Additionally, modern hearing aids have been miniaturized to the point that they are often unnoticeable. In fact, some devices are completely invisible.
Will I need two hearing aids?
Most age-related, noise-induced, and genetic hearing loss occurs in both ears (binaural). If you have hearing loss in both of your ears, we will recommend binaural hearing aids. Having equal hearing in both ears results in better hearing in quiet and noisy situations, and better ability to tell where sounds are coming from.
About two-thirds of Americans are fit binaurally with hearing aids. Studies have shown that patients who have hearing loss in both ears and wear two hearing aids are significantly happier than those who only wear one.
Are hearing aids better now than they used to be?
Like many other high-tech devices (TVs, phones, computers), hearing aids have experienced a major technological revolution in the past decade and especially in the last few years.
The best of today’s hearing aids are designed to virtually eliminate feedback; make listening in noisy environments easier and more comfortable; stream stereo sound from TVs and radios directly to the hearing aid itself; let you talk on your phone hands-free; and much more. All in instruments that are smaller (in some cases, invisible) and more comfortable and powerful than ever before.
What if I don't like my hearing aids?
We understand that you are making a significant investment when you purchase hearing aids, and we want to make sure that you are completely satisfied with that investment. That is why we offer a 45 day trial period with ALL of our hearing aids.
That means if you don’t like your hearing aids we can try different types of technology, or you can return the devices. We refund the full price of the hearing aids less our fitting and travel fees.
Your trust, confidence, and satisfaction is our #1 priority. On average, over 90% of our new patients decide they are highly satisfied with their investment in better hearing, and decide to keep their hearing aids. We use the most advanced and proven patient care technology and practices to ensure our patients the highest possible likelihood of success with hearing aids.
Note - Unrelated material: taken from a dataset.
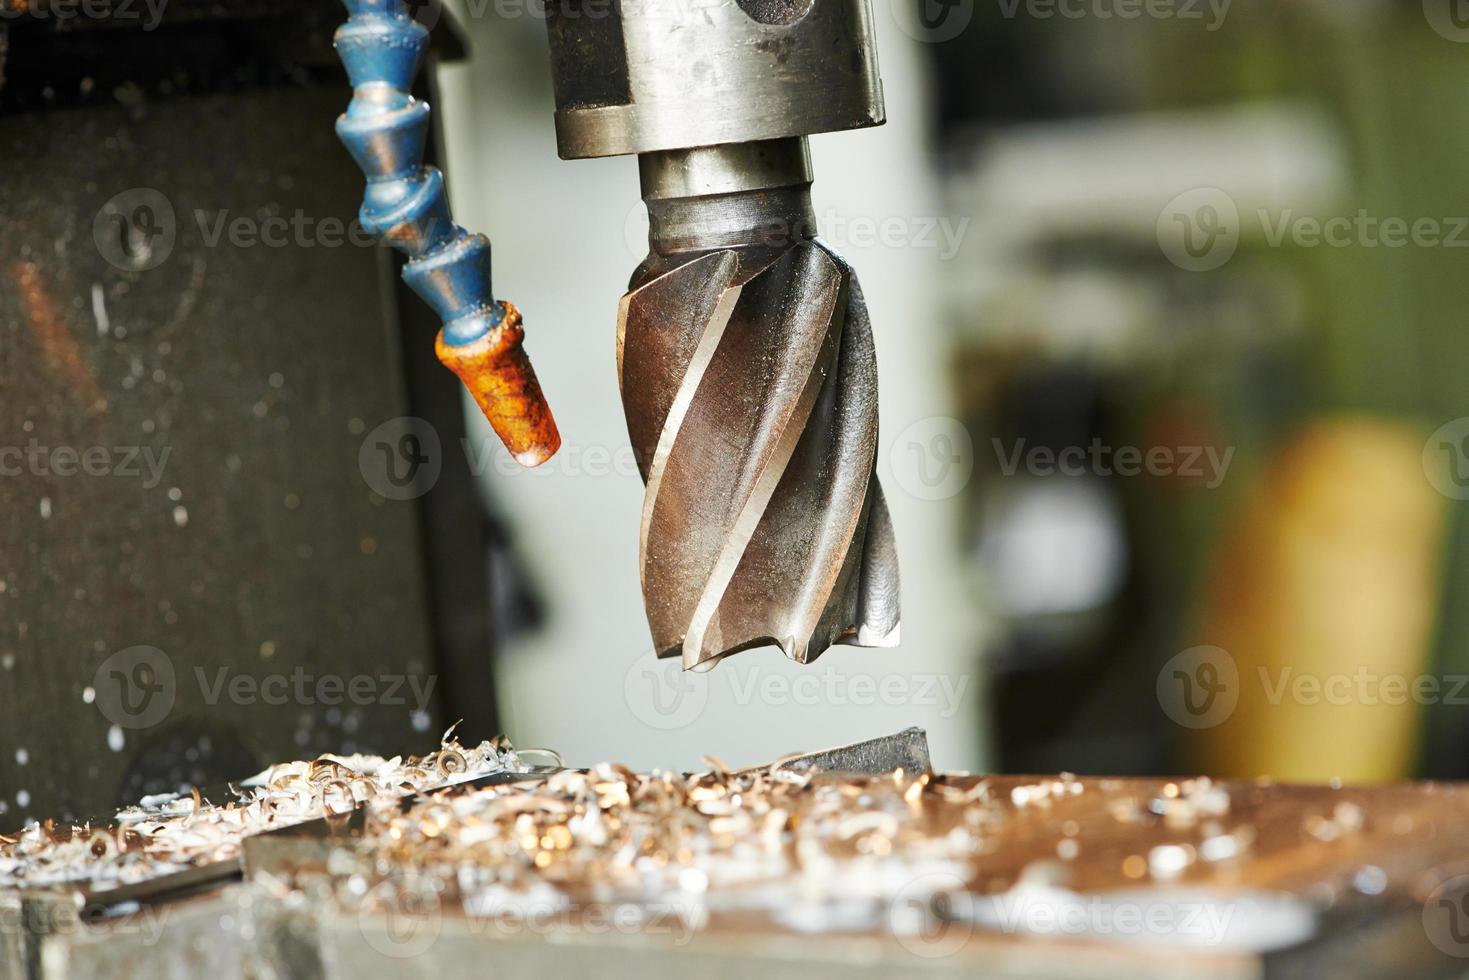 Bohrvorgang von Metall auf Werkzeugmaschine foto

Why hasn't my physician recommended hearing aids?
Only about 13% of physicians routinely screen for hearing loss. Since most people with hearing impairments hear just fine in quiet environments (like your doctor’s office), it can be very difficult for your physician to recognize this problem. Additionally, most physicians do not complete continuing education on hearing aids and hearing loss, so they are not typically aware of what technology and options are available.
Only a trained hearing professional can determine the severity of your hearing problem, whether or not you could benefit from a hearing aid, and which type would be best for you.
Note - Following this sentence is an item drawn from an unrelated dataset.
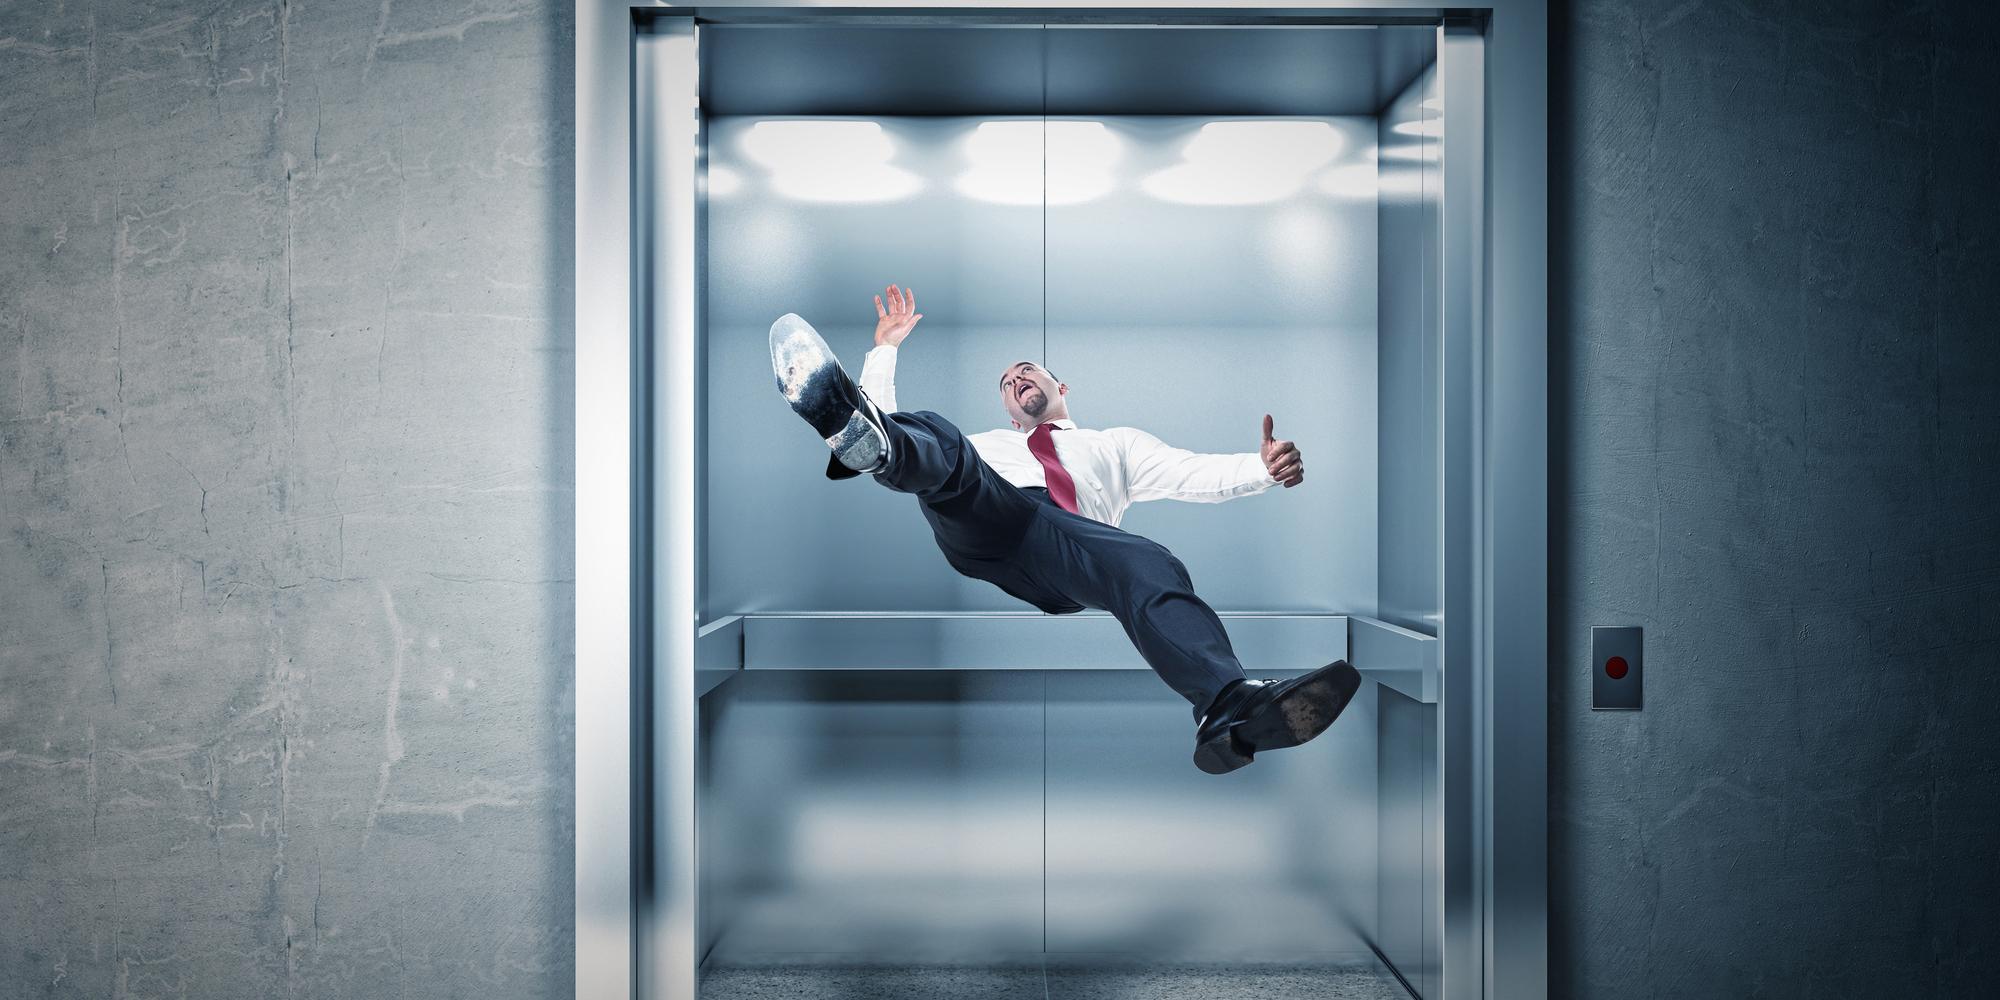 Почему нельзя прыгать в лифте: последствия, что из них является мифом

I think I have a hearing problem. What do I do?
Schedule a house call with a ClearLife Doctor of Audiology. We will perform a complete evaluation, and determine what the best course of action is for you.
You can reach us at 844-440-HEAR (4327) or by email at [email protected]earlifehearing.com.
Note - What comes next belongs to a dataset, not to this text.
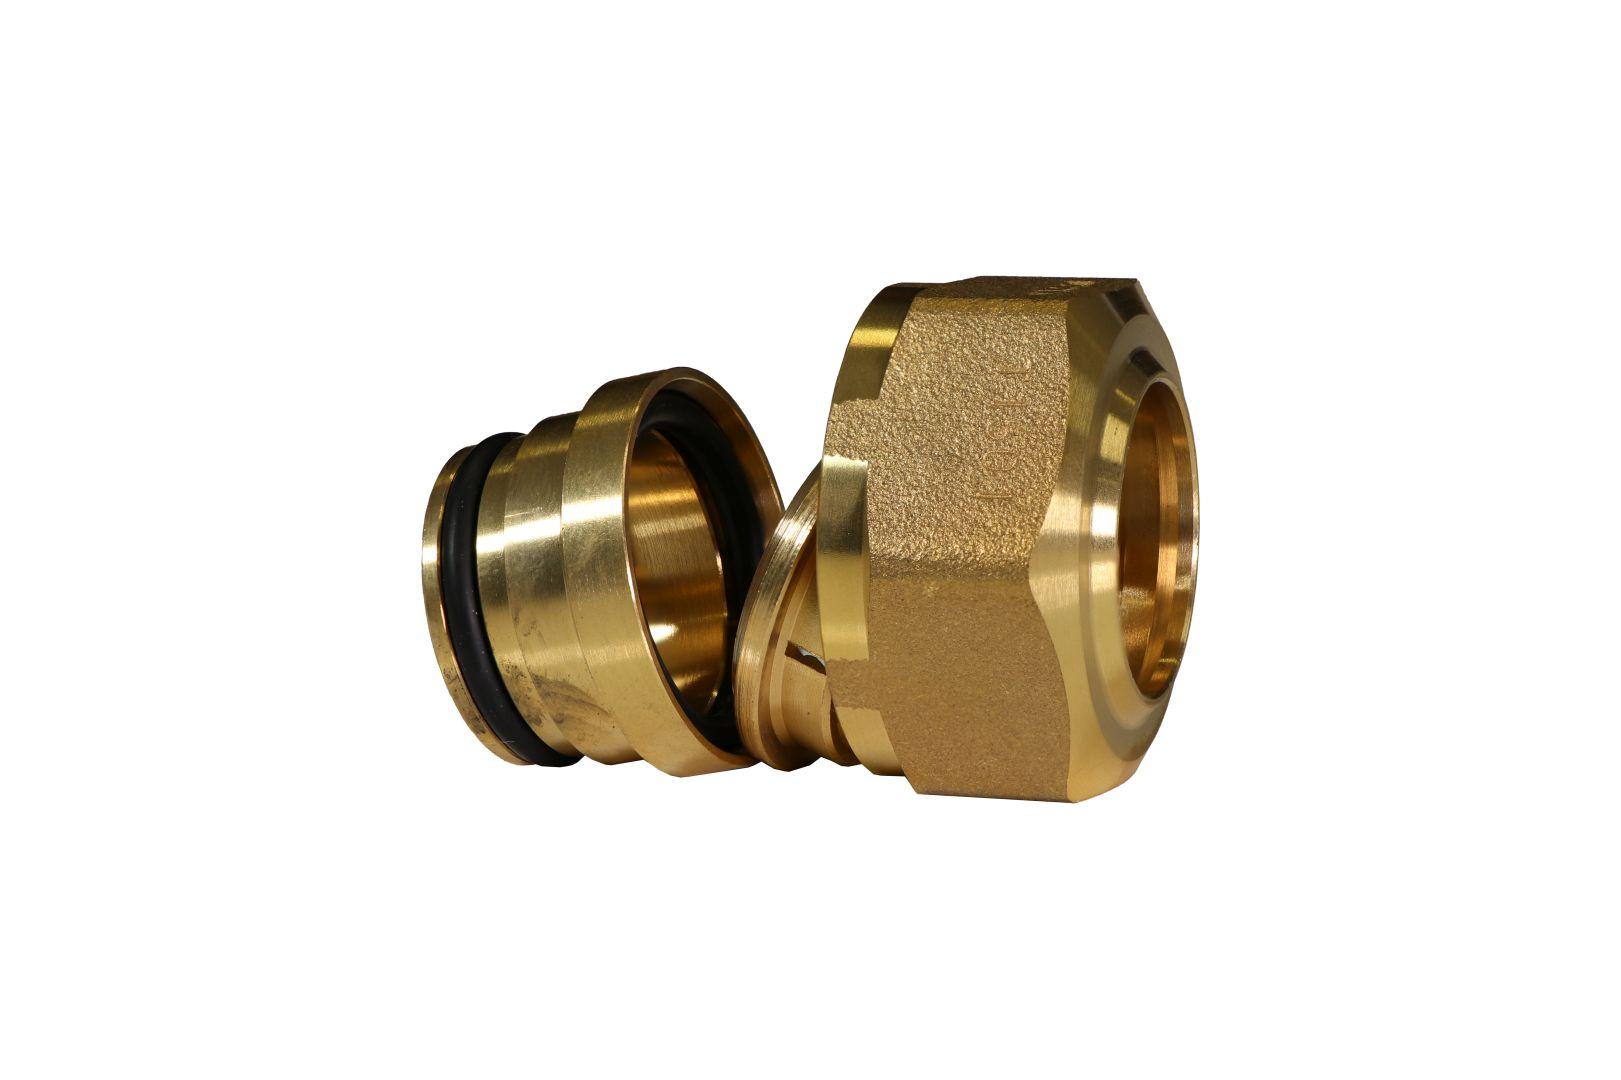 Marley DreMa (TW) Adapter für 22 mm Kupferrohr (Nr. 49), 1 Zoll Innengewinde, flachdichtend

Our regular hours are Monday-Friday from 8-5, however after hours and Saturday appointments are available by request.
How will hearing aids improve my quality of life?
Hearing aids have been found to have a significant positive impact in multiple areas of people’s lives. Just a few examples of the reported changes after wearing hearing aids include:
- Higher self-confidence
- Better relationships with friends and family
- More likely to be socially active
- Lower incidence of isolation and depression
- Increased earning power
- Better overall sense of well-being
You can see that the potential improvement in quality of life by wearing hearing aids is significant!